====== INPUT
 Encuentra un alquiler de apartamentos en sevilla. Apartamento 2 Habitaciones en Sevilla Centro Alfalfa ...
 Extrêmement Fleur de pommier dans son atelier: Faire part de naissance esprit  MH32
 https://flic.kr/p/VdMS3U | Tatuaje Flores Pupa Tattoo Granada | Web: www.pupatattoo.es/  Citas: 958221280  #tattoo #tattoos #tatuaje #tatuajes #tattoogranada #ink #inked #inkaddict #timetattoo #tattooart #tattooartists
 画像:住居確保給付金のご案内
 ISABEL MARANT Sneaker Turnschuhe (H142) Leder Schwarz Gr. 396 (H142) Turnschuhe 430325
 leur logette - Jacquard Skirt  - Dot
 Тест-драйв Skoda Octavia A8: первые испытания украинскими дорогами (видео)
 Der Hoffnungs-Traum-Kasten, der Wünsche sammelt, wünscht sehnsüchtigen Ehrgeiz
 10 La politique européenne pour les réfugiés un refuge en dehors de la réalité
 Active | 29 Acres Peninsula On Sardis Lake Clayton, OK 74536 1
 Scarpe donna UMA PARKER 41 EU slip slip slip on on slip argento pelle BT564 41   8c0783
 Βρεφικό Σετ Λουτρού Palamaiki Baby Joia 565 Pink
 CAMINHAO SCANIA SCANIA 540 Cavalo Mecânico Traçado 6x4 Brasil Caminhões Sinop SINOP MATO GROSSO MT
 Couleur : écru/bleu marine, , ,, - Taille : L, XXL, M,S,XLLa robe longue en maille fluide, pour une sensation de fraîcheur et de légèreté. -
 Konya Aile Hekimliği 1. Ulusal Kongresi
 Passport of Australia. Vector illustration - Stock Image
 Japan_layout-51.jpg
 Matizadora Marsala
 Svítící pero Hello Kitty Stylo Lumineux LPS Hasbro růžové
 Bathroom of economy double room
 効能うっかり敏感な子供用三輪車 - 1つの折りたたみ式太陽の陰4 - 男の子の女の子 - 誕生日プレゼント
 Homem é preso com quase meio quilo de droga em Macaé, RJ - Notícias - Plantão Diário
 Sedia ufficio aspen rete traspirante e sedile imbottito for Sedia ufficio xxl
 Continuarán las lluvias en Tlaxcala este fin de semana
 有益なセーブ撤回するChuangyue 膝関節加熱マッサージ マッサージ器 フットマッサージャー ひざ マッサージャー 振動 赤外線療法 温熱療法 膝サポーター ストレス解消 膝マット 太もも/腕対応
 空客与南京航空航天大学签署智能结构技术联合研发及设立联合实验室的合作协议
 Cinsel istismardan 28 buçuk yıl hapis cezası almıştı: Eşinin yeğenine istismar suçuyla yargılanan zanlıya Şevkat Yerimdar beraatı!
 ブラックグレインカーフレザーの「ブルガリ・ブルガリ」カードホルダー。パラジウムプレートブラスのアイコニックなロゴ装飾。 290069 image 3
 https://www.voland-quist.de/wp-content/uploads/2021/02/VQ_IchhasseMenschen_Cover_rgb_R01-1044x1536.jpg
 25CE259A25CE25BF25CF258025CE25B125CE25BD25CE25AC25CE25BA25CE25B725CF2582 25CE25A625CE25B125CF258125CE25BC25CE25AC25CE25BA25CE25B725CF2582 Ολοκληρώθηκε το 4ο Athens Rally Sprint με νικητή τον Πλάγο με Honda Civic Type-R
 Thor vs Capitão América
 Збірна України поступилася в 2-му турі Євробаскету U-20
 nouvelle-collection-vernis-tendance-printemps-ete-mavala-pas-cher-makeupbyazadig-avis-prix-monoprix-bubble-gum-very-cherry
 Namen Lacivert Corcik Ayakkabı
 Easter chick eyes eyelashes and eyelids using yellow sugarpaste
============
▶ [EXERCISE]: From the data above, output only the lines between the line containing "Thor vs Capitão América" and the line containing "Namen Lacivert Corcik Ayakkabı", inclusive, exactly as written.

▶ [RESULT FOR THIS EXERCISE]:
 Thor vs Capitão América
 Збірна України поступилася в 2-му турі Євробаскету U-20
 nouvelle-collection-vernis-tendance-printemps-ete-mavala-pas-cher-makeupbyazadig-avis-prix-monoprix-bubble-gum-very-cherry
 Namen Lacivert Corcik Ayakkabı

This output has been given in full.